In a highly anticipated talk, Clive Brown described the Oxford Nanopore Technologies platform. Essentially, protein nanopores reside in a membrane that is not a lipid bilayer, sitting on an ASIC that can capture the change in current when the DNA passes through the pore with help of an enzyme that is not a polymerase. The change in current over time is converted to a 3-base call as multiple bases are sensed at the same time. A Markov model base caller is required to resolve the 64 possible states with a probabilistic path to derive individual bases. Clive reported that they had sequenced the PhiX genome as a single fragment with 96% accuracy. The main error mode was deletions with DNA wobble potentially being the major source of error. Residual errors may originate from spread of triplet currents so better pores will be needed (mutant pores, charge carriers). Base current also varies with modified base contributing to error. Clive mentioned that RNA can be read directly though a different enzyme will be required to drive the RNA through the pore. (My take: it will be challenging to not clog the pore with a RNA knot due to stable RNA tertiary structures). DNA modifications can be very sensitively detected, according to Clive, but no data was shown.  Clive mentioned that sequencing can be done without sample prep, as an example they used blood from a friends' rabbit and water from a drain (?) directly onto the membrane. Wonder how they address the challenges of keeping the buffer composition stable to get a predictable current profile on addition of the biological materials and also avoid clogging the protein nanopore or preventing the DNA- or RNA-protein pore-enzyme complex from being degraded. In addition to the GridION system described previously, Clive announced a new product, the MinION, a USB stick based disposable sequencer with preliminary specifications of 500 pores being able to sequence 150 bases per second. They also expect to have the first GridION system with 2000 pores with 250-300 bases per second from a node. A rack could hold up to 20 nodes. In response to a question on whether the USB would be compatible with a Mac or a PC, Clive stated that he is a Mac User.

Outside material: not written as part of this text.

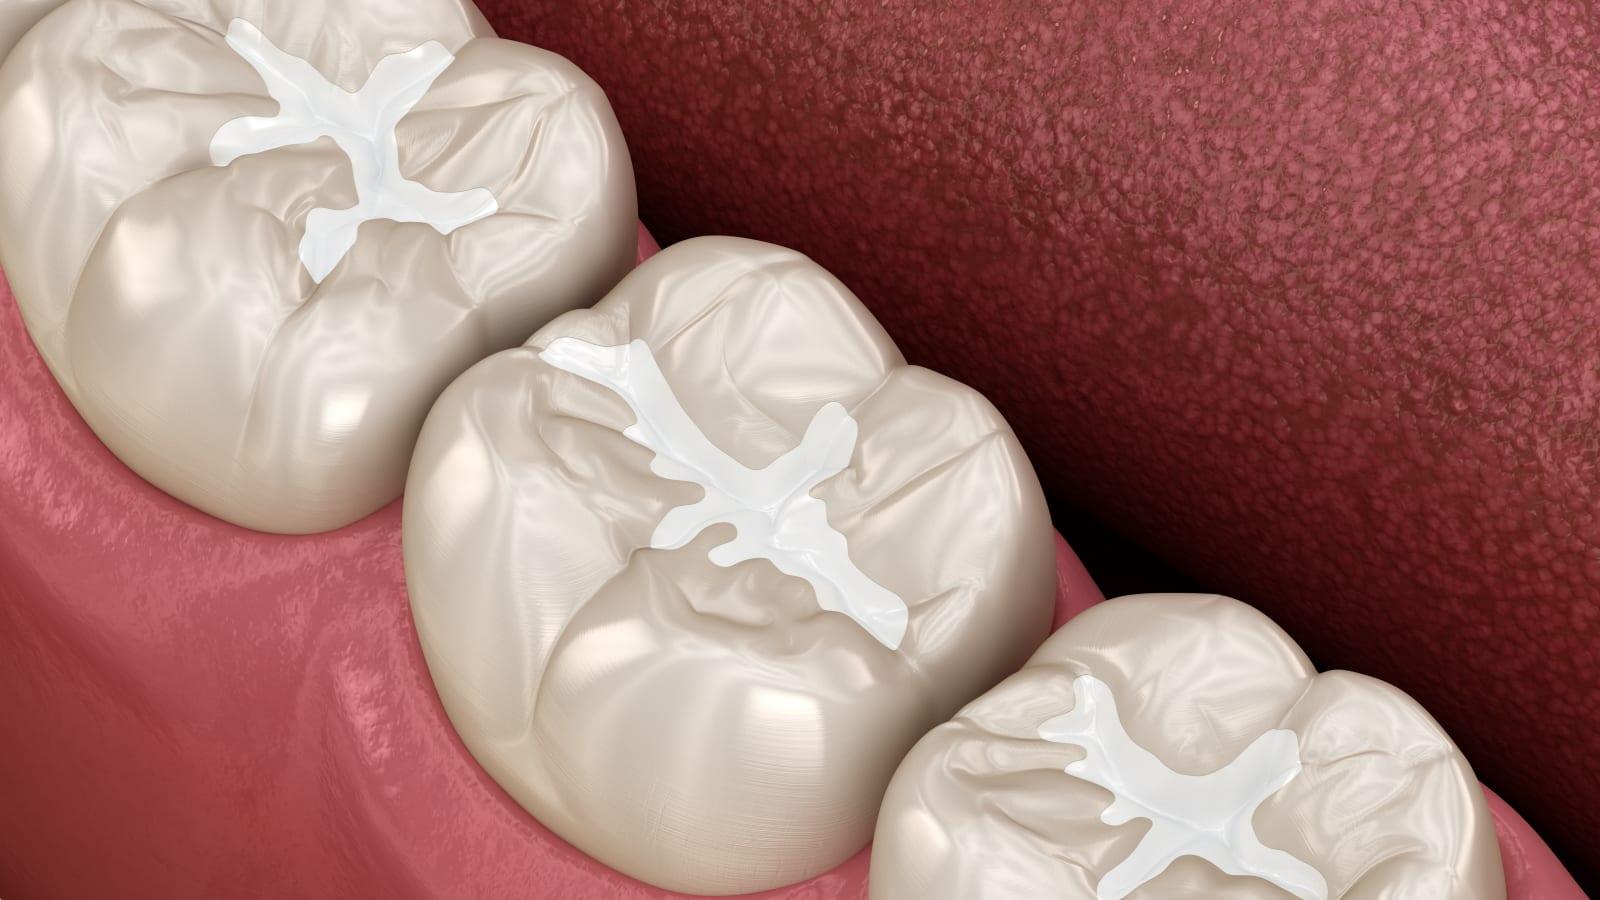 Image showing dental sealants

Andy Watson from RainDance, provided more details about the oil-aqueous droplet system (1 B droplets per day) and its new application for digital PCR (on a new system). For the existing NGS amplicon prep system a primer design pipeline is available with > 800 designs done to date. A cancer hotspot panel with > 13,000 COSMICmutations across 42 genes is available for FFPE samples and has been validated on the MiSeq system and the Ion Torrent PGM.

Elaine Mardis from Washington University talked about the NuGen Mondrian digital microfluidics system that is apparently as good as Sean McGrath, their sample prep maestro, at producing robust libraries for Illumina sequencing from vanishingly small amounts of DNA (5-10 ng).  Used human buffy coat DNA and Enterococcus feacalisDNA to prepare libraries from different kits that were then sequenced on the MiSeq. Data was comparable between Mondrian and other manual kits.

Well there were quite a few more talks in a very busy day which I will get to type in once I am back home. Still have time to check out a few more posters … before the evening sessions start.